Rice University, Jones Graduate School of Business

“Growth-minded leader, committed to helping people and organizations in creating solutions to tomorrow’s challenges.”

Hometown: Houston, TX

Fun Fact About Yourself: I love experiencing other cultures. I’ve visited 13 countries throughout Africa, Asia, and Europe, including the Running of the Bulls in Pamplona.

Undergraduate School and Major: Texas Christian University ‘12, B.S. Political Science

Most Recent Employer and Job Title: Houston Independent School District, Program Administrator

Aside from your classmates, what. was the key part of the school’s MBA programming that led you to choose this business school and why was it so important to you? Rice has the #1 Graduate Entrepreneurship program in the country and is internationally recognized for producing talented entrepreneurs. For example, the Rice Business Plan Competition (the richest and largest of its kind) is just one of the unique opportunities Rice Business creates to maximize its MBA’s growth. I look forward to being a part of the next generation of entrepreneurs to improve the way we live and work, our standards of living, and to create social change.

What club or activity excites you most at this school? Rice Business Board Fellows is another opportunity that really made Rice standout in my eyes. The opportunity to give back and gain experience at the board level is something I will pursue throughout my career and the ability to start while pursuing my MBA is exciting!

What makes you most excited about getting your MBA at Rice? What makes you most nervous about starting business school?  Besides the privilege of attending one of the premier institutions in the country, I value Rice’s small class size because it allows MBA students to build strong relationships with classmates. As the saying goes, “it’s not what you know, it’s who…”

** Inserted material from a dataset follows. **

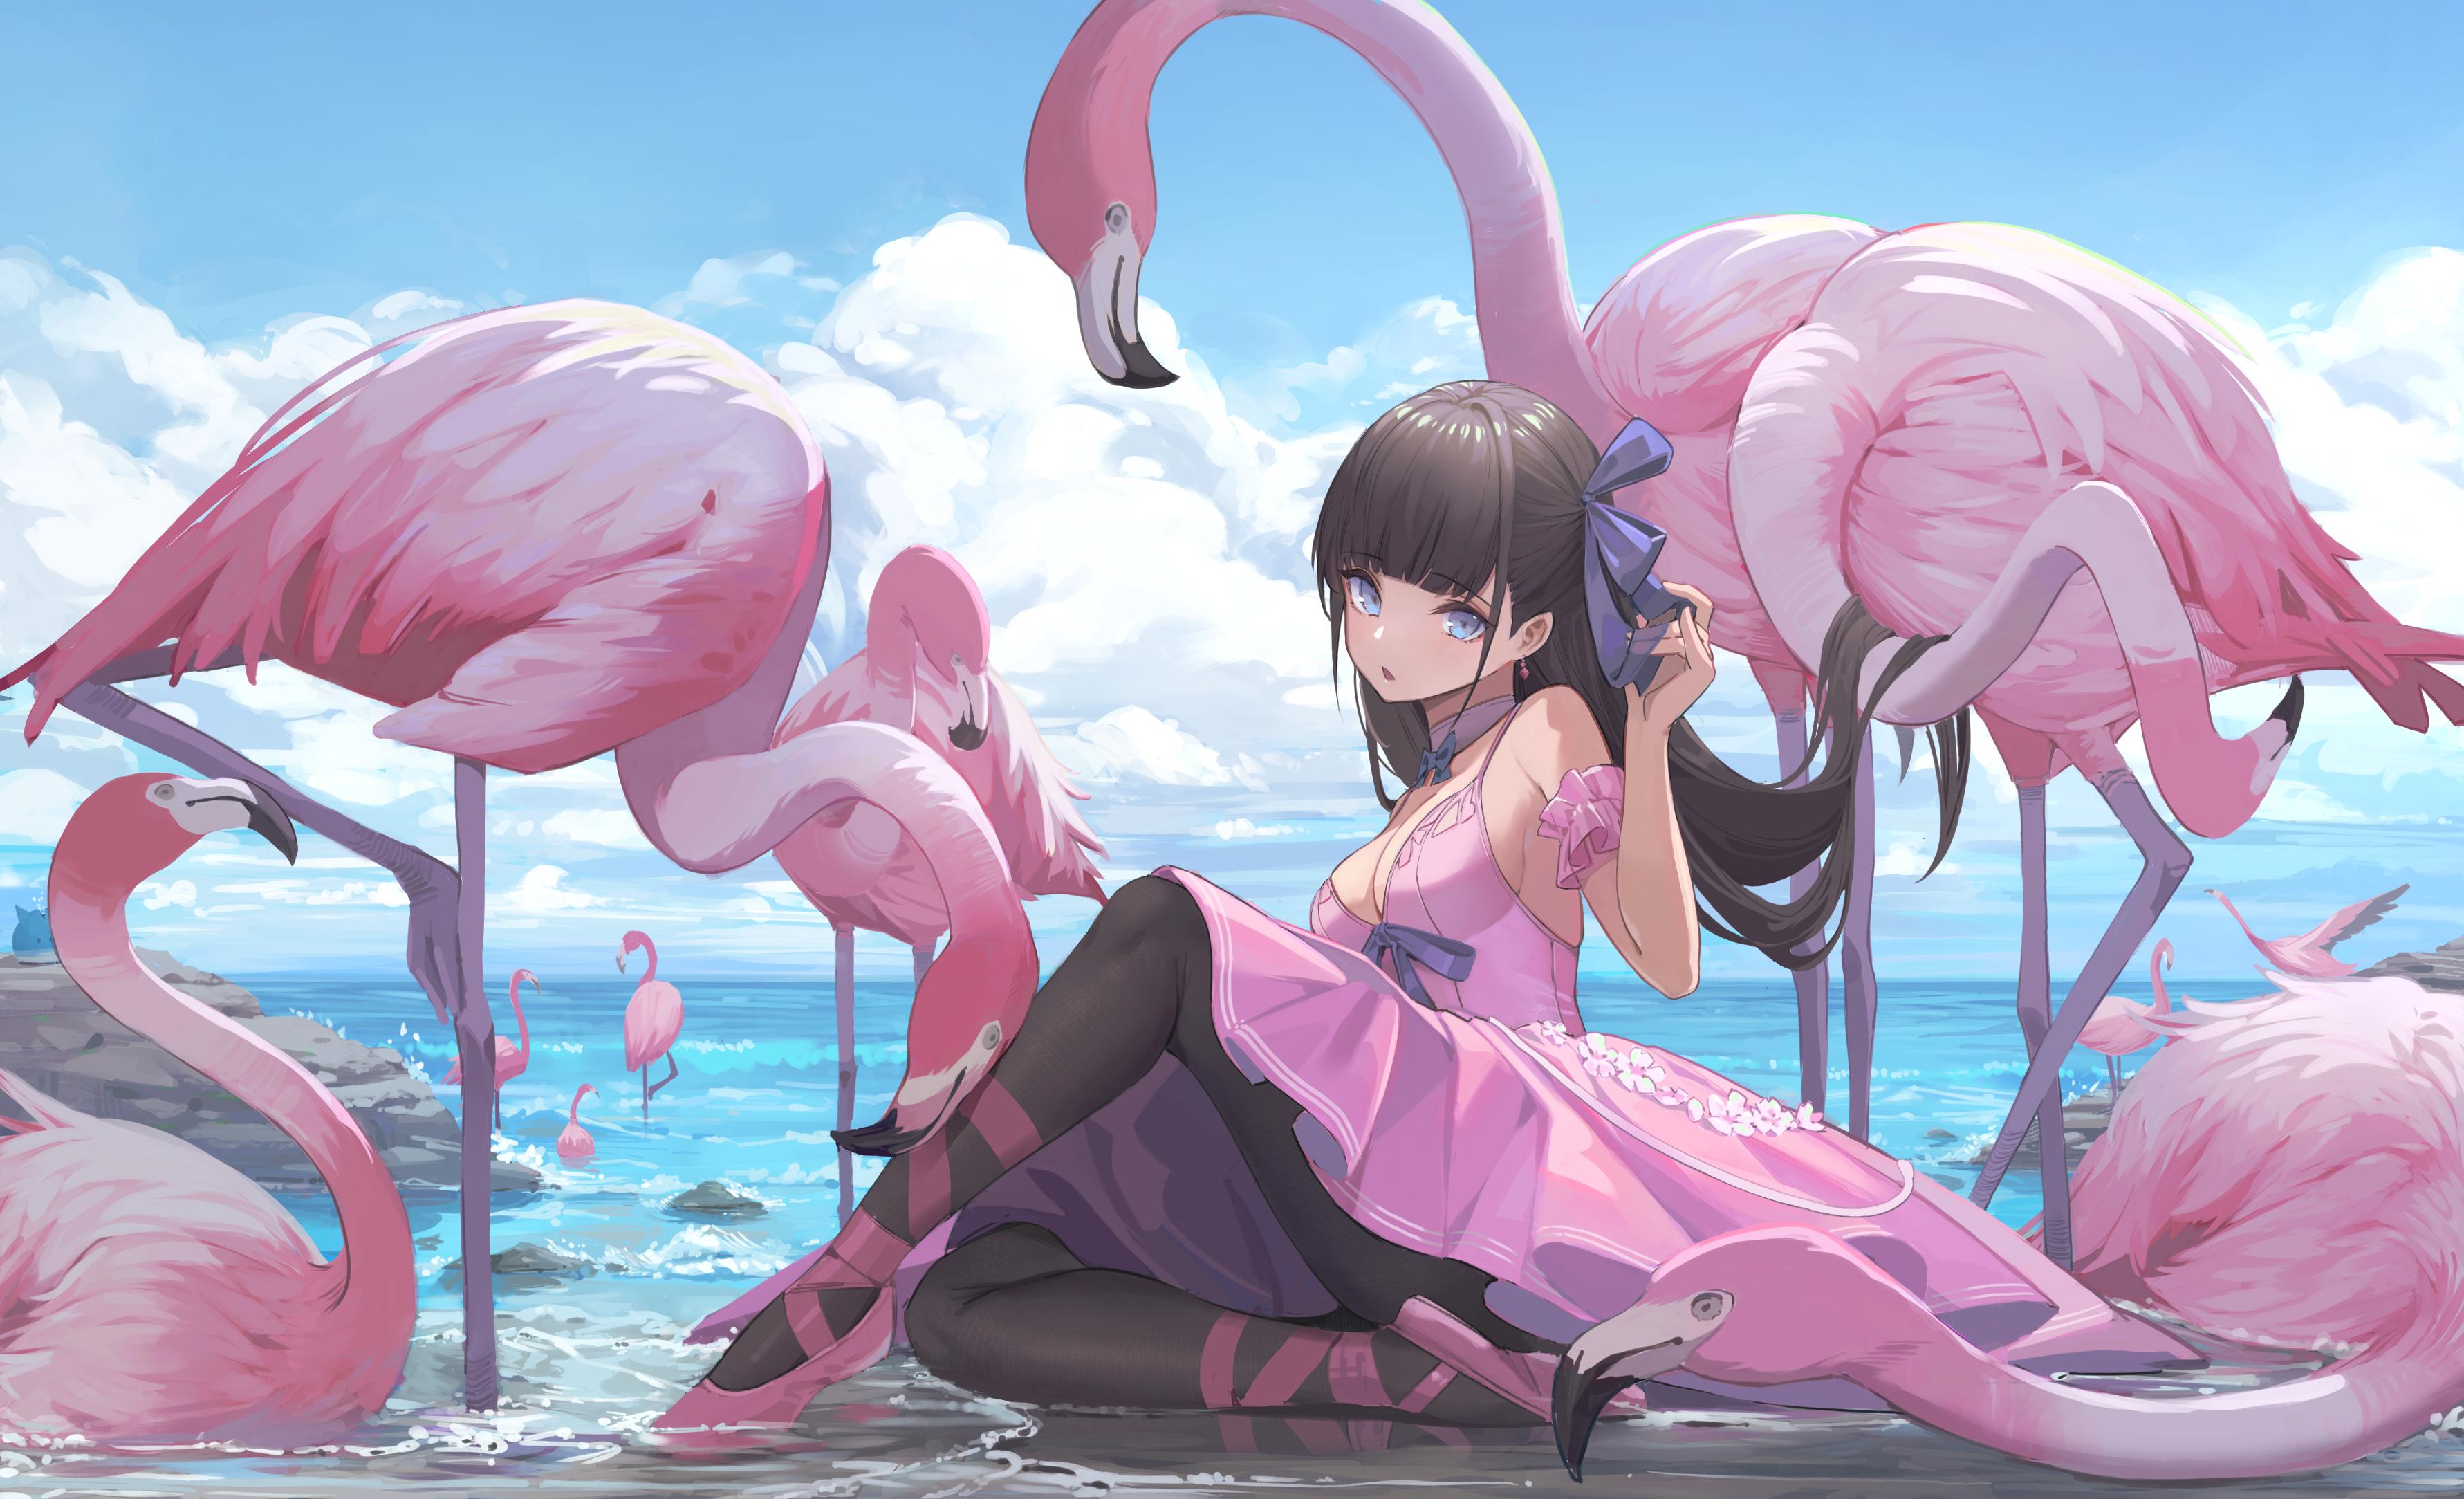 Anime 3563x2167 Nekojira anime anime girls sitting dress long hair bangs flamingos ballerina

As far as what makes me most nervous, I think COVID-19 has disrupted all our lives in some capacity. That unknown probably brings about the most anxiety for me, but focusing on the things I can control has helped a lot!

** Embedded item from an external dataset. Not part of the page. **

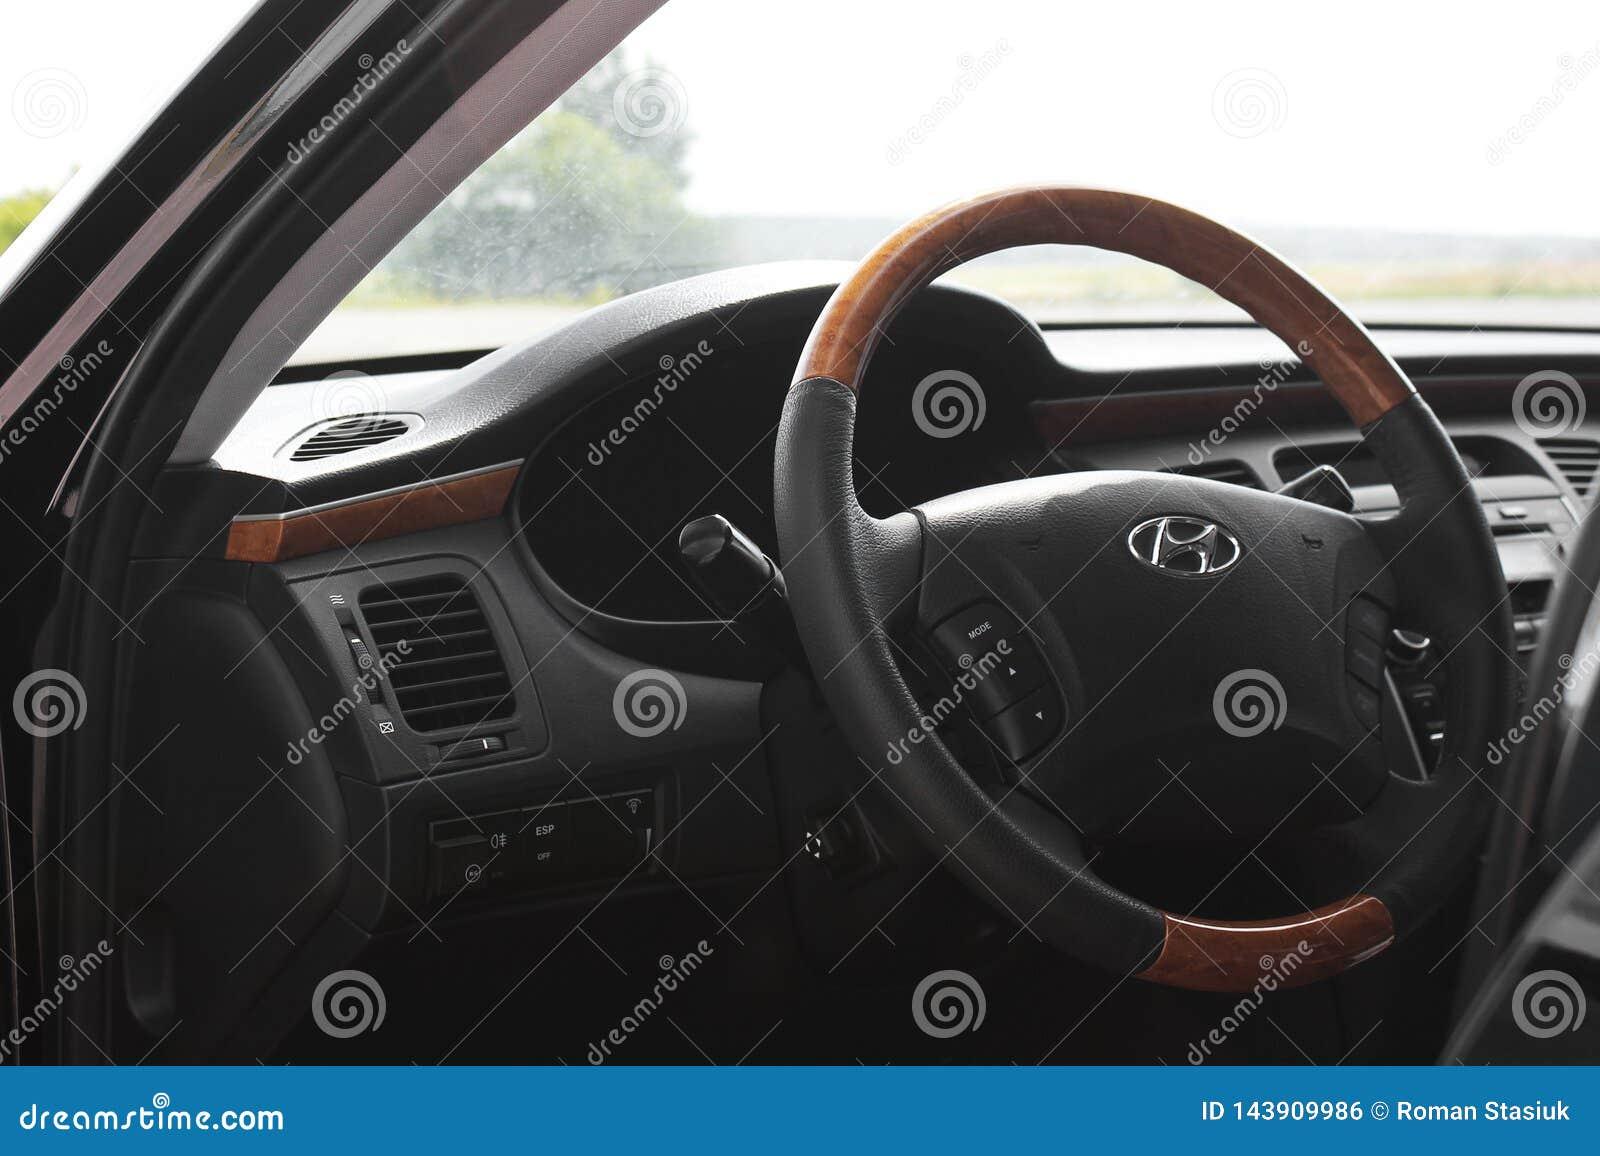 Kiev Ukraina - Augusti 6, 2018: Hyundai prakt Sikt av inre av en modern bil som visar instrumentbr?dan

Describe your biggest accomplishment in your career so far: My biggest accomplishment has probably been leading the Urban Leaders Fellowship in Denver. I fundraised and negotiated $60k in funding and led 30 mid-career professionals through a seven-week fellowship focused on community organizing and leadership at non-profit organizations.

What led you to pursue an MBA at this point in your career? After eight years in education I was ready to take my career to the next level. Experiences like leading the Urban Leaders Fellowship and learning how our partner organizations were doing powerful work in communities allowed me to see business as an impactful pathway.

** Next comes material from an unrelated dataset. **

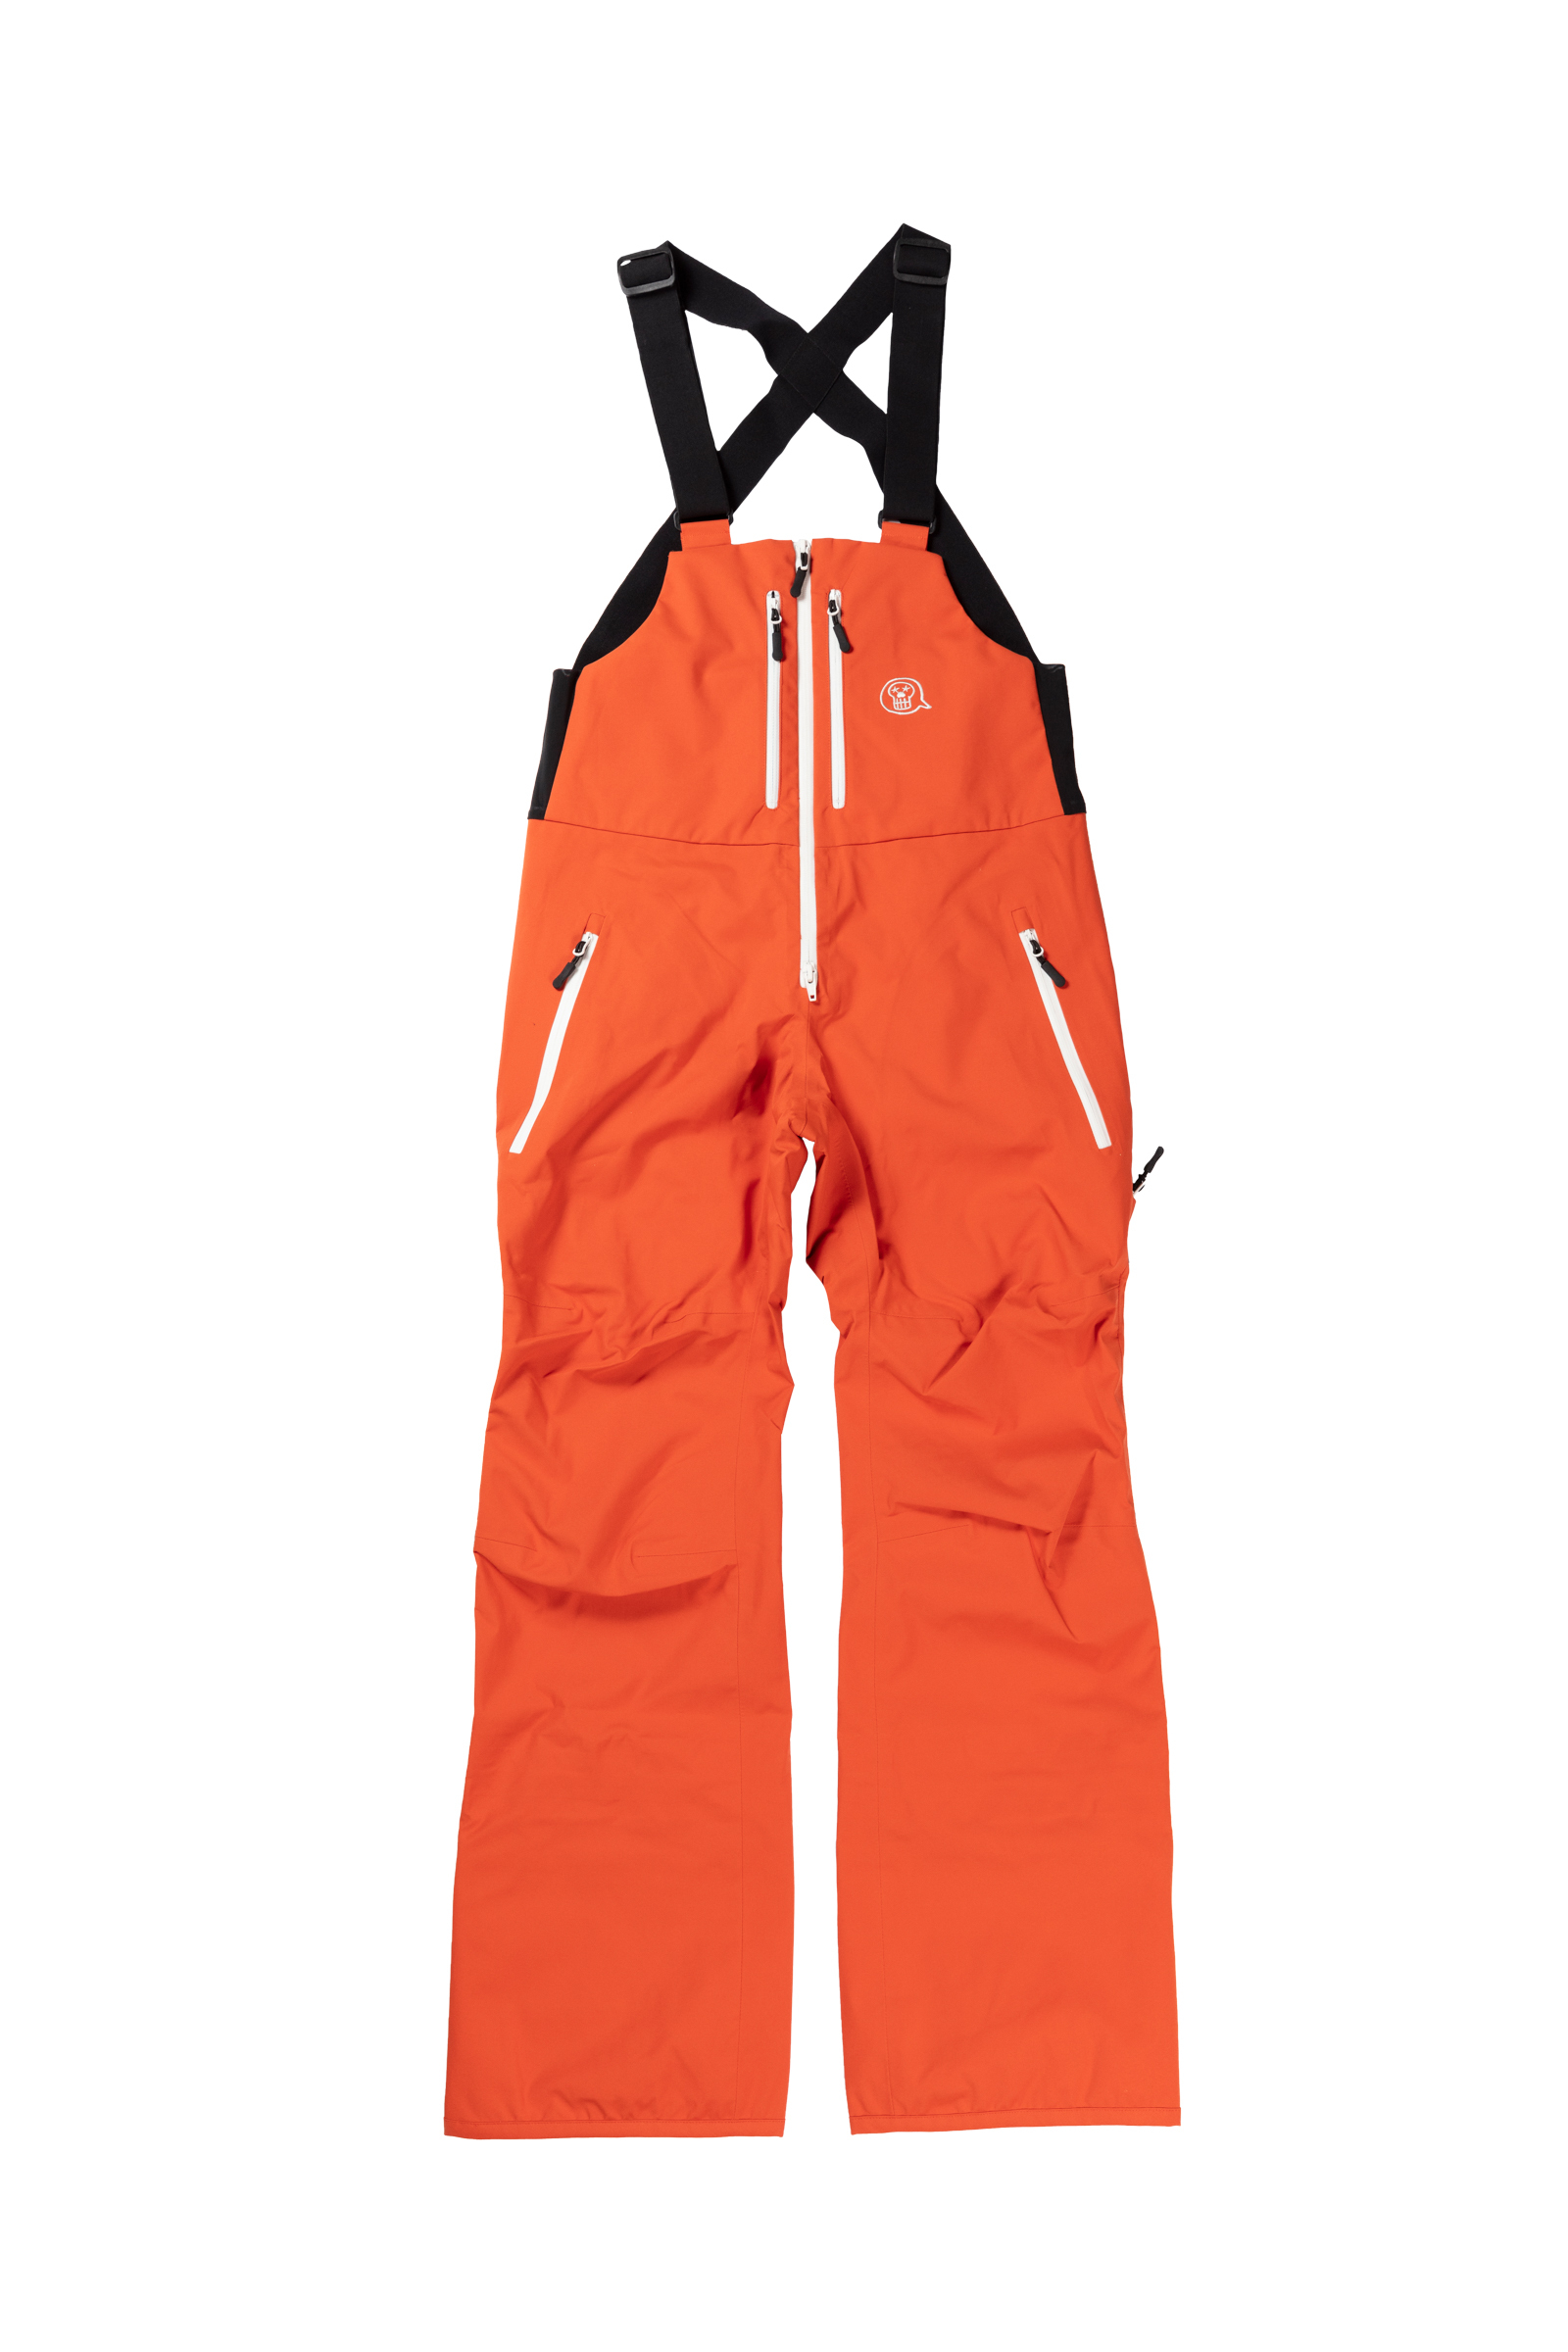 2021unfudge snow wear // SMOKE BIB PANTS // ORANGE / 10月中旬発送

I knew grad school was in my future, but guidance from MBA alums and organizations like The Consortium helped make the pathway of business education a reality.

What other MBA programs did you apply to?  McCombs School of Business – University of Texas at Austin

What was the most challenging question you were asked during the admissions process? The “Tell me about yourself” question was so important for me to refine as a “non-traditional” business school applicant. It took a couple of iterations to translate my education, political, and the non-profit experience in ways that highlighted my transferable skills adequately.

What have you been doing to prepare yourself for business school? As a Consortium Fellow, I had the opportunity to attend a diversity recruiting conference with some of my classmates, which was a great opportunity to meet, learn, and even interview with some top-tier companies. Our Career Development Office at Rice was so supportive before, during, and after the conference which just confirmed why I chose Rice.

I also spent a lot of time reaching out to current and former MBA students and business leaders to better understand their experience in business school and explore different business functions and industries.

Finally, I spent some time on to brush up on business related quant skills.

What was your defining moment and how did it prepare you for business school? One of my defining moments was immediately after undergrad when I committed to serve as an educator in low income communities through Teach for America.  

The five years I spent in the classroom prepared me for business school by grounding my professional experience in a fast-paced, high-stakes, relationships-first environment. I look forward to applying the interpersonal communication and organizational development skills I learned in education to the business world.

What is the most important attribute that you are seeking in an MBA employer? Why? Professional growth through opportunity and mentorship. I want to work for an organization that prioritizes challenges and is committed to my growth as well. As I think about the long-term trajectory of my career, opportunities to grow professionally excite me and also bring out my best work.

Pretend you have just graduated from business school. What will you need to have done to make your experience successful?  I have found that the most effective way to approach big daunting challenges is to lean in and embrace the climb. Specifically, for business school, this approach will require leveraging the many resources Rice provides to MBA candidates.

Also, I have taken a big step outside of my comfort zone. This means embracing my weaknesses and seeking out challenges that address these areas before I arrive at my post-MBA employer.